The type of connection can affect the stability of the implant-prosthesis interface [12]. The Branemark system was characterized by external hexagon connection; this configuration has some weakness because of limited height; it is not efficient when the off-axis load is applied to resist micromovements [33]. However, this configuration may become a privilege during impression as it allows easier removal of the tray. In internal connection, the impression coping has an intimate fit within the implant which may make removal of the impression more difficult and may generate a higher degree of distortion. Based on the results of the current study in the conventional impression group, external connection implants showed less distortion than the internal one. As in digital impression, removing the impression is not an issue, and the type of connection does not influence the accuracy. In confirmation with our result, Papaspyridakos et al. [12, 23] reported that the type of connection influenced the accuracy at implant-level impression.

Different IOSs were used in studies, and it has been shown that the accuracy of scanners differs from each other, either for tooth or implant impression [26, 34]. In a study by Vandeweghe et al. [35], four different IOSs were used to get the impression of an edentulous model of the mandible with six implants (Lava COS, 3M, CEREC Ominicam, and Trios 3Shape). Based on the results of this study, the 3M True Definition and Trios scanner demonstrated the highest accuracy. However, the Lava COS was found to be not suitable for taking implant impressions for a cross-arch bridge in the edentulous jaw. This study did not have any conventional group as a control. In our study, Trios scanner had been used which uses the confocal optical imaging technology to generate digital point cloud surfaces.

Regarding the methodology of accuracy measurement, several methods have been employed including the coordinate-measuring machine, traveling microscope, computerized tomography, and optical scanning and digitization. Using digital scanners and the corresponding software represents an efficient method [5]. An industrial metrology 3D scanner (ATOS) with a precision of 4 microns was used in our study. Using the “best-fit algorithm” for superimposing the point cloud is a reliable technique [36].

A limitation of this study is lack of a gauge block for precisely defining the direction of x-, y-, and z-axes though the cylindrical index at the middle of the palate which can play somehow the same role. Moreover, measuring the accuracy of conventional impression and digital impression with two different methods could result in some error related to different precisions of each method. Correlating findings of this in vitro study to clinical situation should be done with caution as there are contributing factors in the oral environment including tissue undercuts, saliva, and limited access during scanning and restricted direction for tray removal.

5. Conclusion

With the limitations of this study, the following can be concluded:(1)Digital impression is better than the direct technique in the edentulous arch with straight and tilted implants, and both of them are more accurate than the indirect technique.(2)Type of connection does not have any effect on accuracy when a digital workflow was applied.(3)Precision of implant position also is not affected by the angulation of implants in the digital impression group.

Data Availability

The data used to support the findings of this study were supplied by Marzieh Alikhasi under license and so cannot be made freely available.
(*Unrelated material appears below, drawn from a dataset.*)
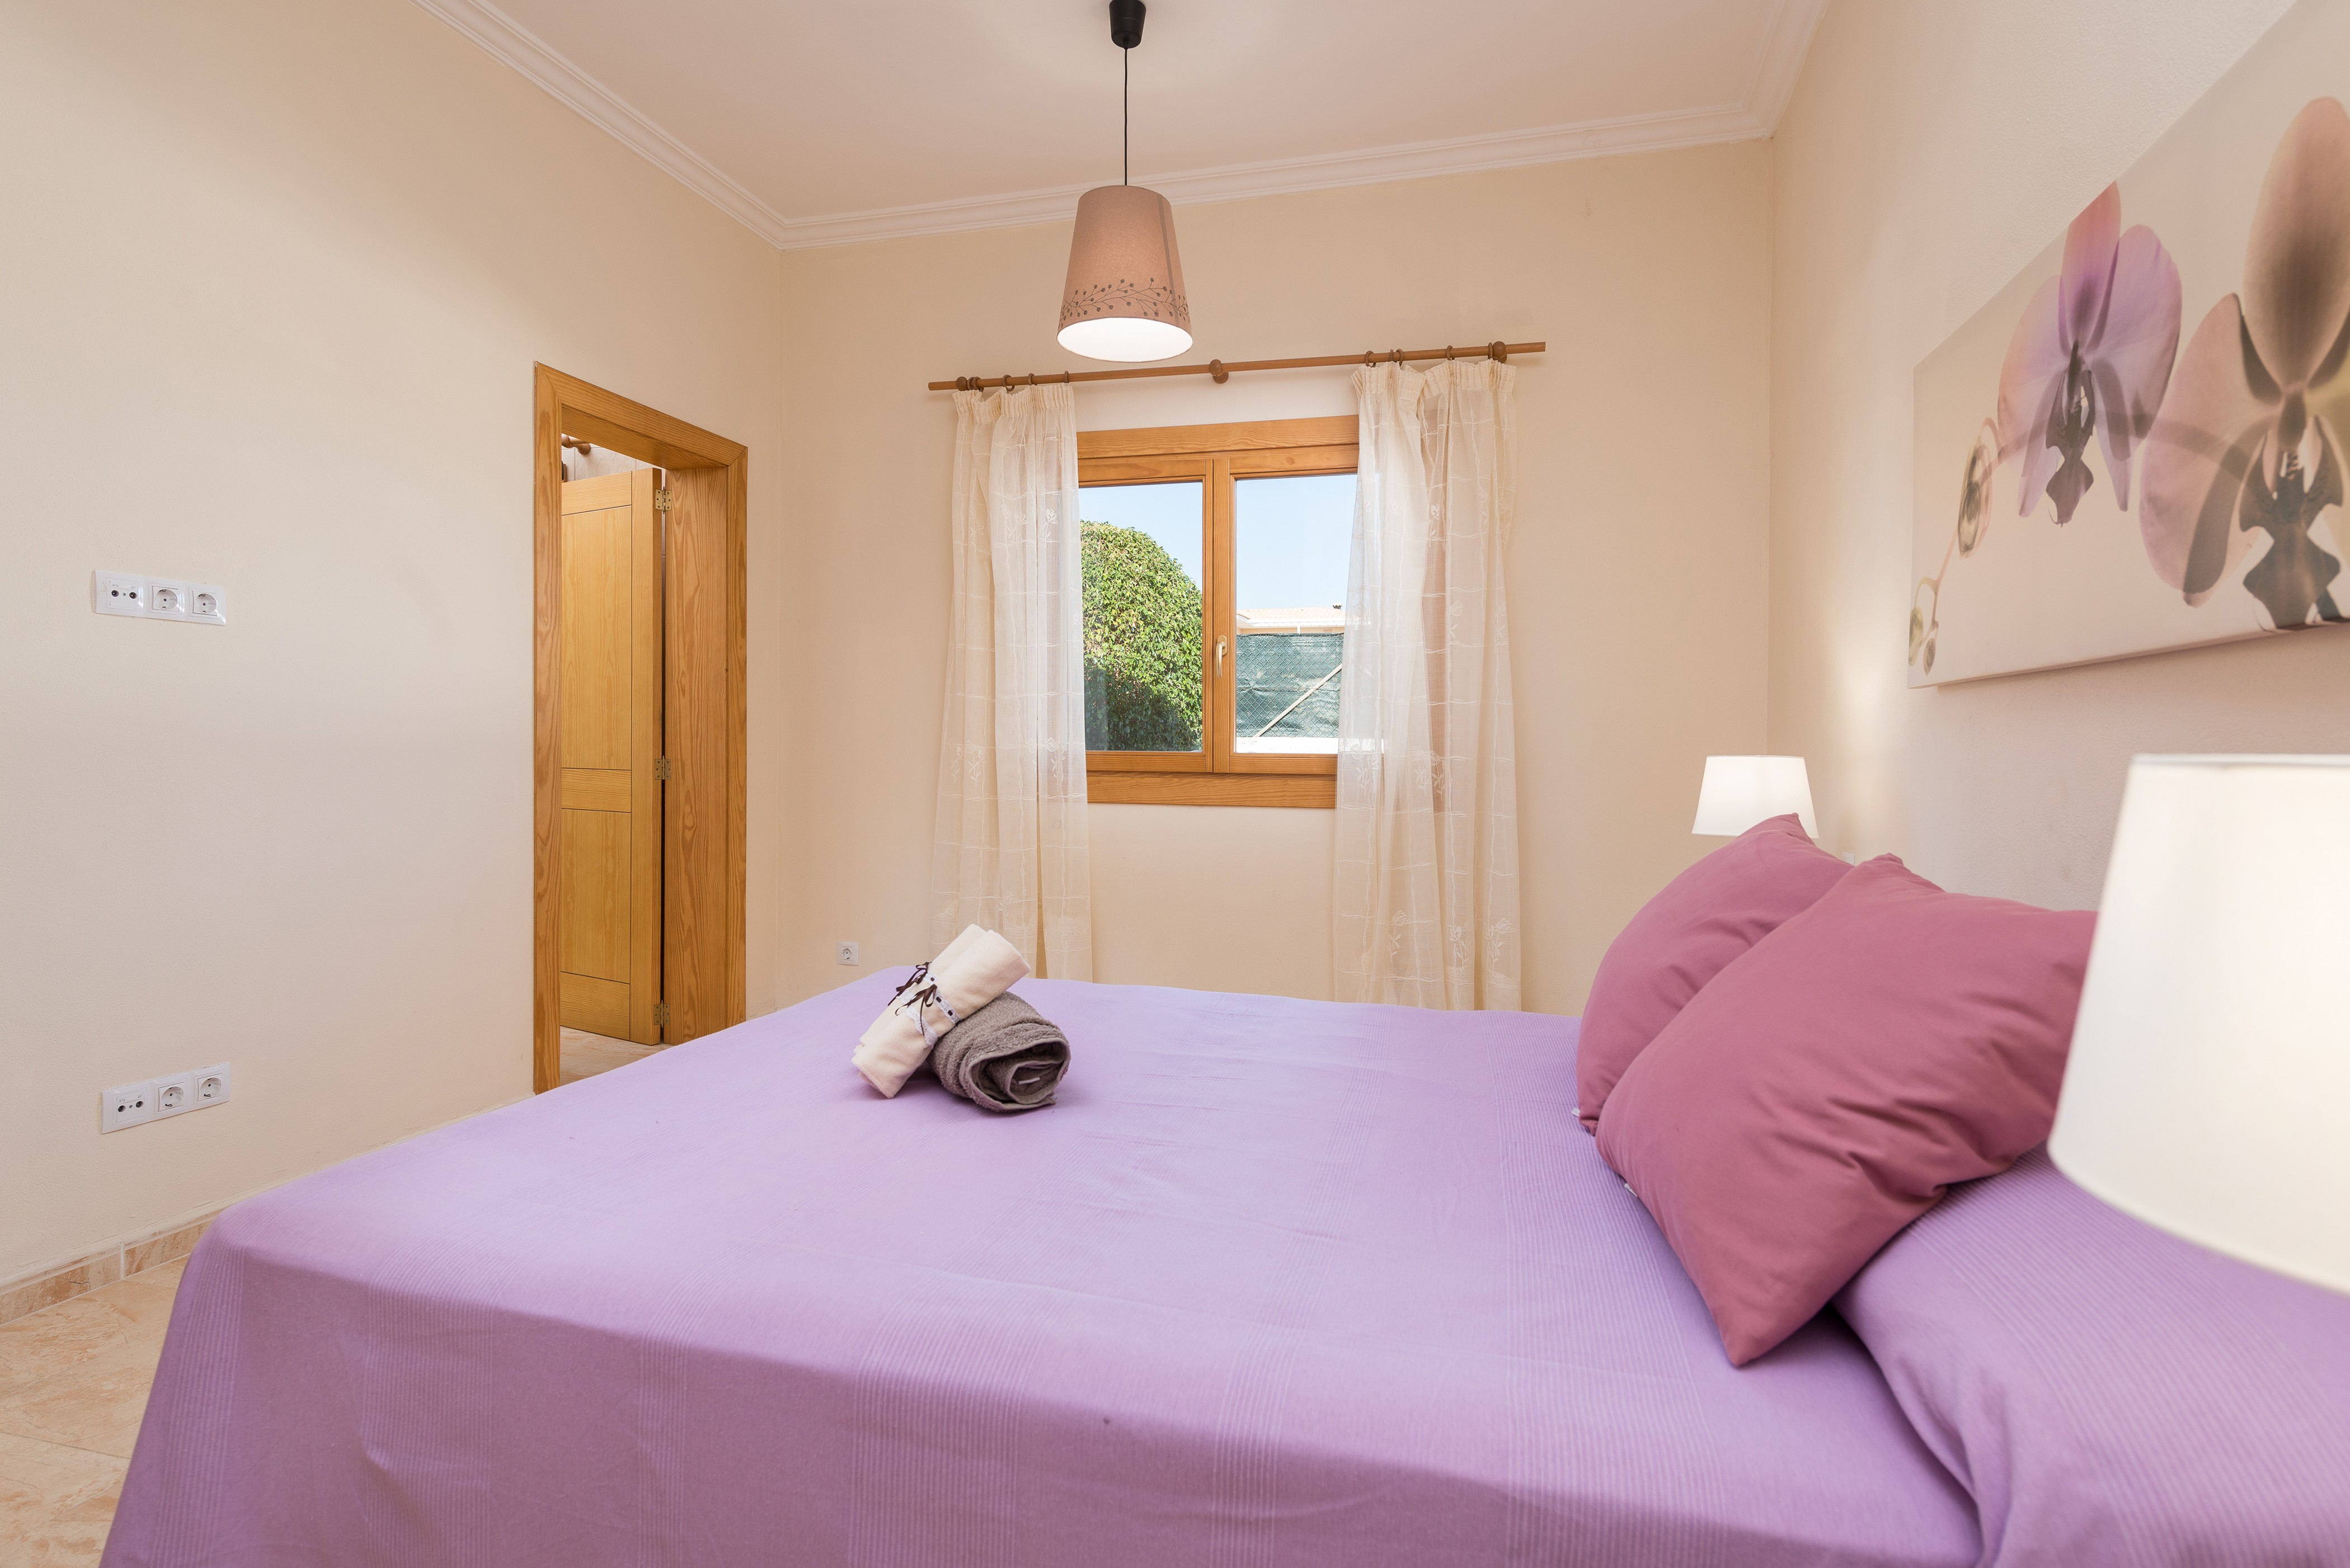 Ferienhaus CAN MOLINA (2063640), Cala Mandia, Mallorca, Balearische Inseln, Spanien, Bild 23

Requests for access to these data should be made to Marzieh Alikhasi ([email protected]).

Conflicts of Interest

The authors declare that they have no conflicts of interest.

Acknowledgments

The authors wish to thank Fadak Sanat Company for their cooperation in scanning with ATOS Core 80, GOM. This study was funded and supported by the Dental Research Center, Dentistry Research Institute, Tehran University of Medical Sciences under Grant no. 94-03-104-29757.